Allison Witt '21

Allison Witt '21

Allison Witt

The Intersection of Ethics and Research:
Finding My Passion at Boston College

During my sophomore winter, in the midst of the finals and the usual end of semester chaos, I received an email from Professor Peter Krause about his project team. I was drawn to the team, as it was a unique opportunity to do meaningful and impactful work as an undergraduate. So, I submitted an application on a whim, and I am so glad that I did.

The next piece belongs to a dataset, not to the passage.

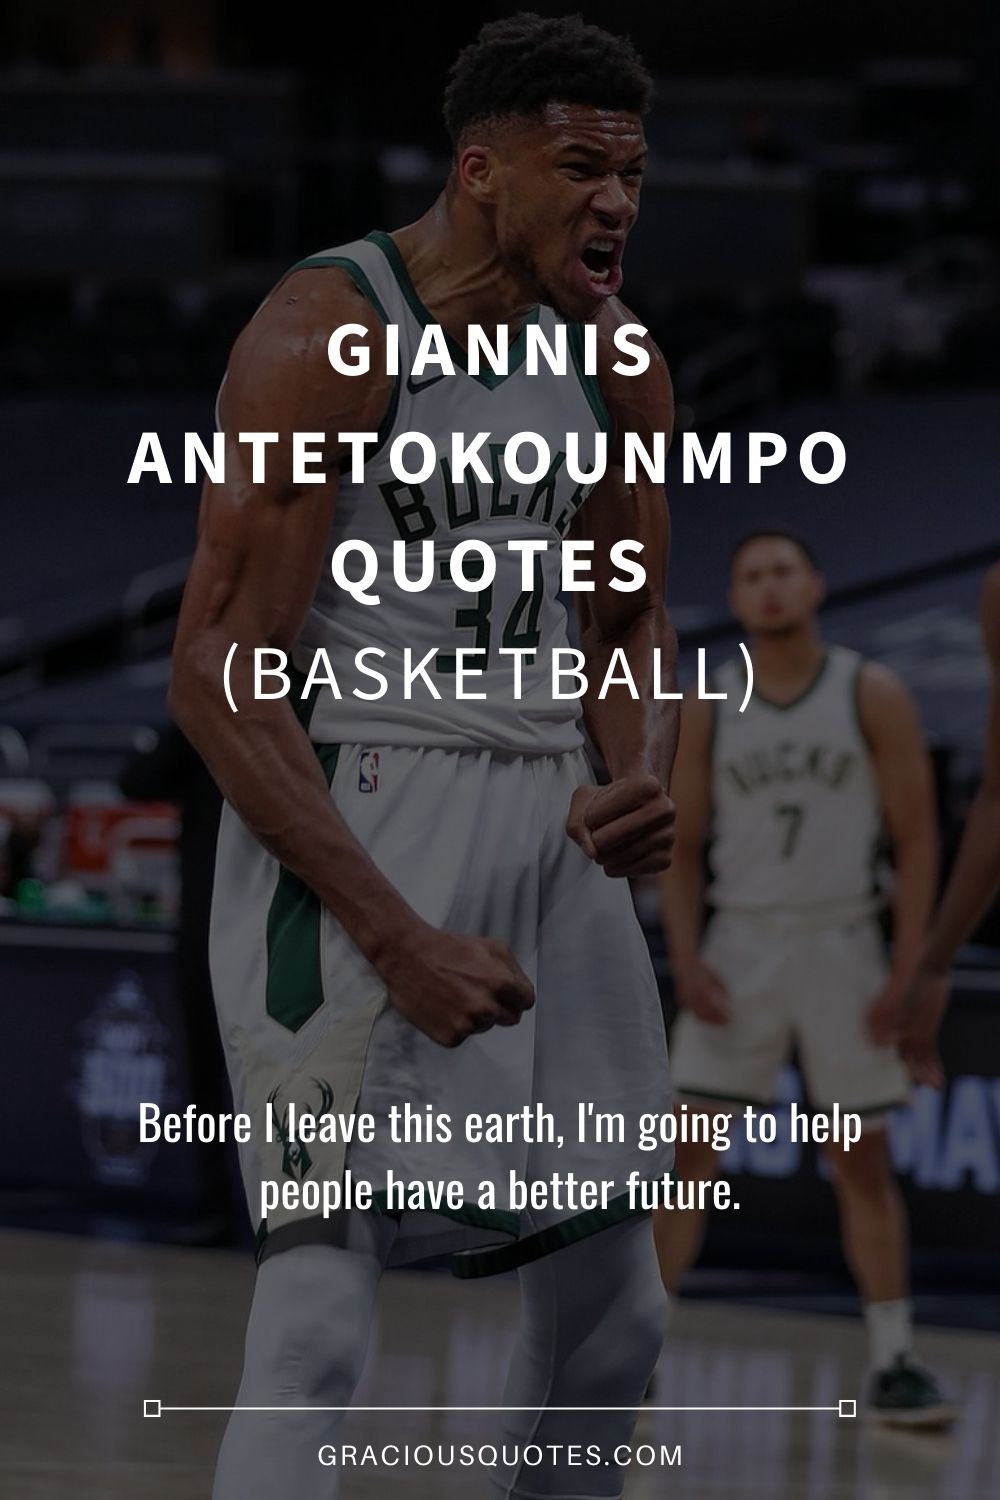 Giannis Antetokounmpo Quotes (BASKETBALL) - Gracious Quotes
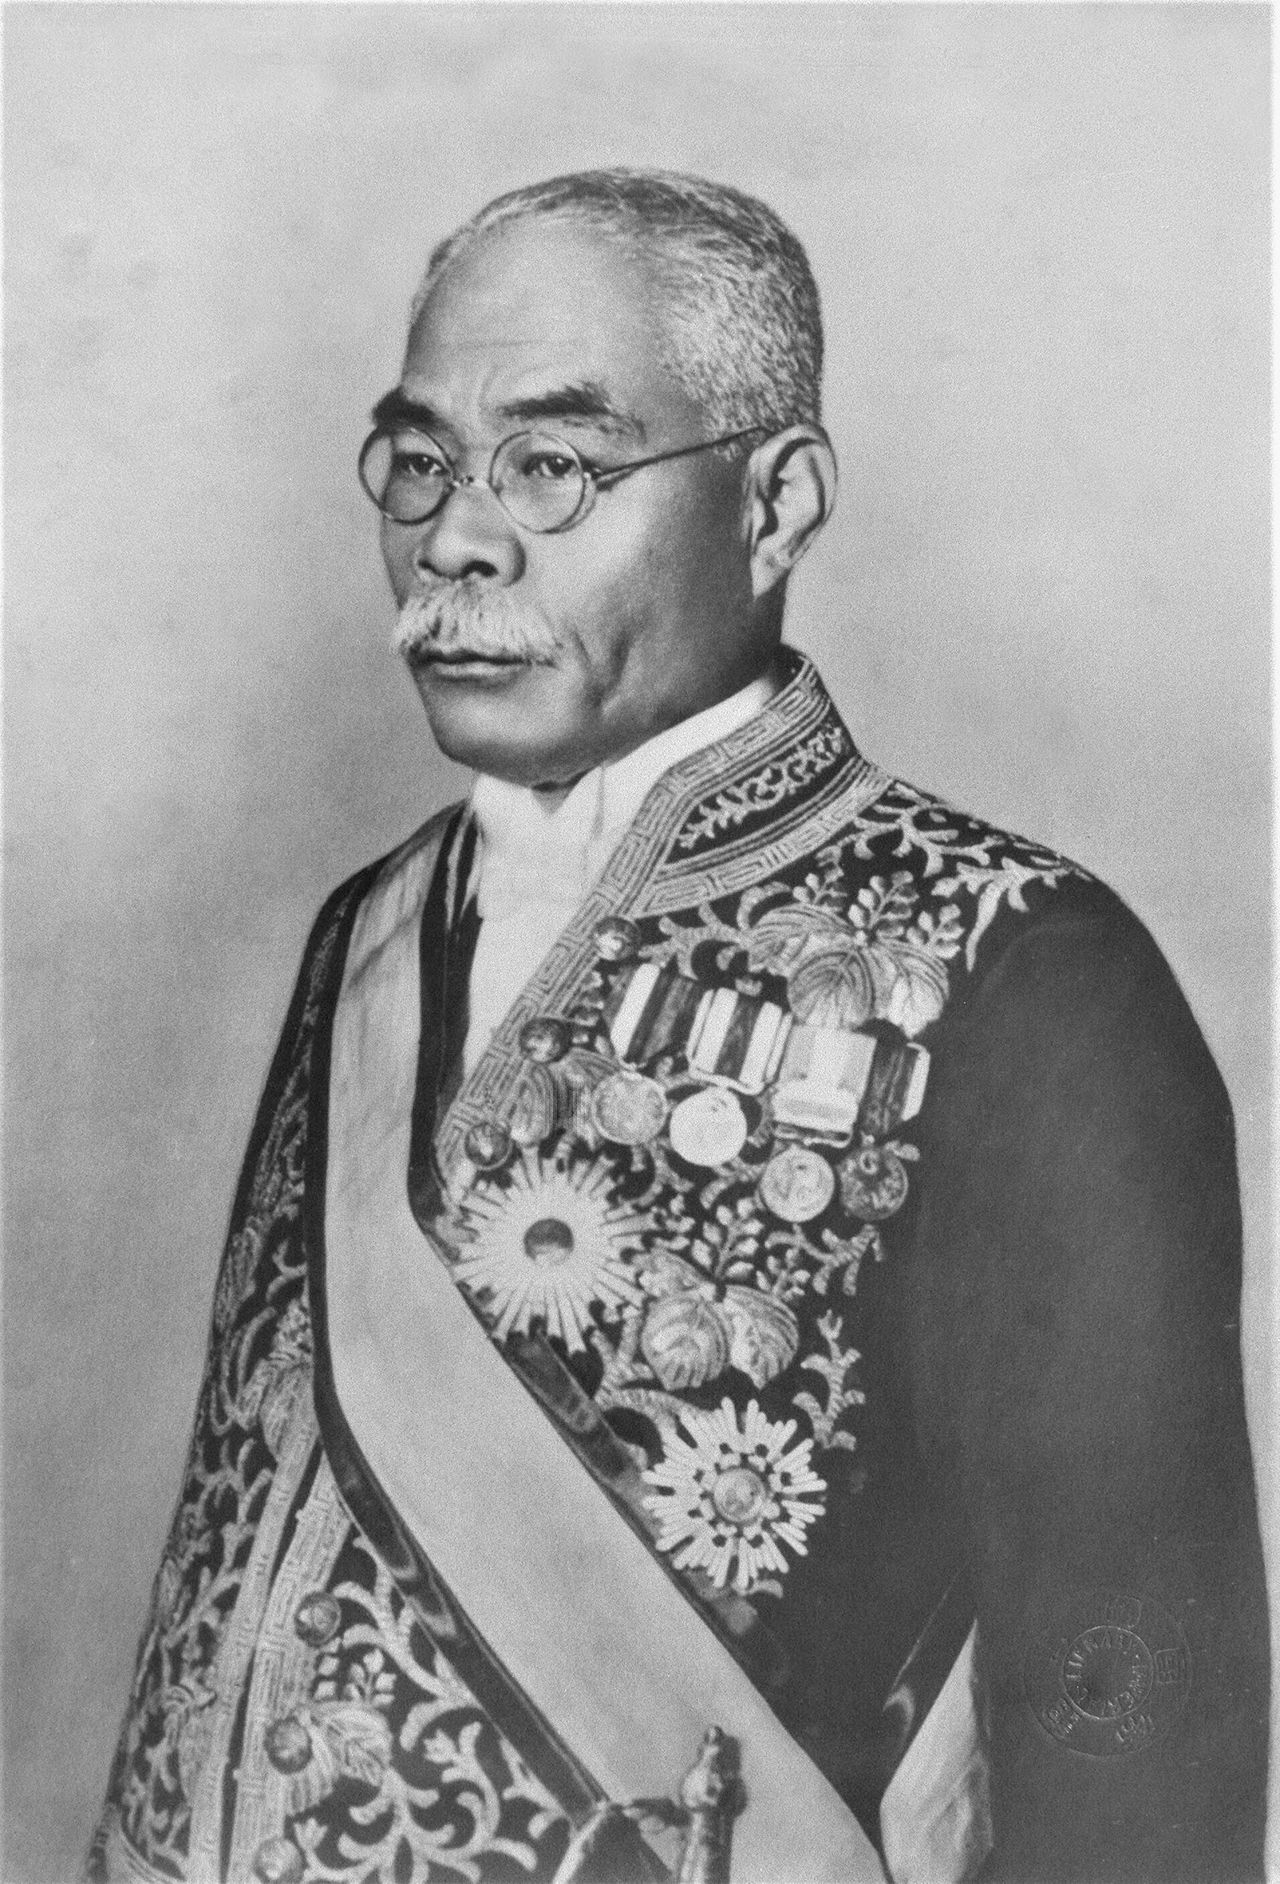 Хамагути Осати прозвали «премьер-министром-львом» (© Jiji)

Professor Krause’s project team focuses on terrorism, political violence, and U.S. foreign policy through a series of tasks, ranging from short-term projects like journal articles and op-eds, to long-term projects like books and podcasts. While I started on the team as a Research Assistant, these past two semesters I have worked as an Undergraduate Research Fellow, mentoring the other Research Assistants. The depth of my experience has helped me build a toolkit of skills: data analysis, attention to detail, project management, editing, and teamwork. In addition, it has taught me that when you really like something you can go all in. To learn something to the best of your ability requires you to engage with materials and look at a complex problem through different lenses.

The main project we work on is insurgent spoils—an insurgency is an armed uprising by non-state actors in hopes of achieving a certain political objective. We research and code insurgencies that have occurred in the 20th and 21st century. The main goal of our research is to identify who won, why, and what groups gained or lost after the conflict. Since joining the team I have worked on cases from different parts of the world, but the Karen Insurgency in Myanmar sparked my interest in human rights and international justice, especially those in contemporary Myanmar.

The Karen conflict, often called the “World’s Longest Civil War,” began in 1947. Prior to World War II and immediately following it, Myanmar (then Burma) was a British colony and the Karen peoples, one of many ethnic minorities in Burma, had been Christianized by missionaries during its UK colonial period. This religious difference—along with ethnic, cultural, and linguistic factors—separated the Christian Karen from the majority Buddhist Burmese within Myanmar. The insurgent groups wanted to create their own independent state and separate from Myanmar. However the Tatmadaw, the Myanmar military, fought tirelessly to assert their political dominance. While the National Ceasefire Agreement (2015) brought an official end to the insurgency, violence and tensions between the Tatmadaw and the Burmese people have persisted until today.

While researching this case with Professor Krause, I focused more on the logistical aspects of the case. I analyzed group sizes, political affiliations, and strength; however, the ethical side of the conflict peaked my interest. This semester, in Ethics, Religion, and International Politics, and I have been able to explore Myanmar through a different lens. I have learned about what the impact of spoils and the Tatmadaw’s power really looks like. Since 2017, the military has committed a series of human rights violations, including an ethnic cleansing campaign against the Rohingya people. My learning became truly intersectional when we began studying the Rohingya refugee crisis in my senior seminar on International Human Rights and Refugees, where we traced the origin of the conflict to where it stands today through the lens of forced migration. The systematic persecution against the stateless Rohingya should be a global concern and the international community needs to take action. It is through interdisciplinary research that I have learned how to speak passionately about this issue.

My time working with Professor Krause has enabled me to become a better reader, writer, and student. Not only have I been able to develop critical thinking skills and editing skills, but I have uncovered new passions in human rights and international justice. The courses I am taking this year have only further encouraged my interests in ethical dilemmas. Now, I am searching for post-graduate careers to grapple with ongoing human rights abuses around the world, ultimately aspiring, one day, to attend law school for international human rights law.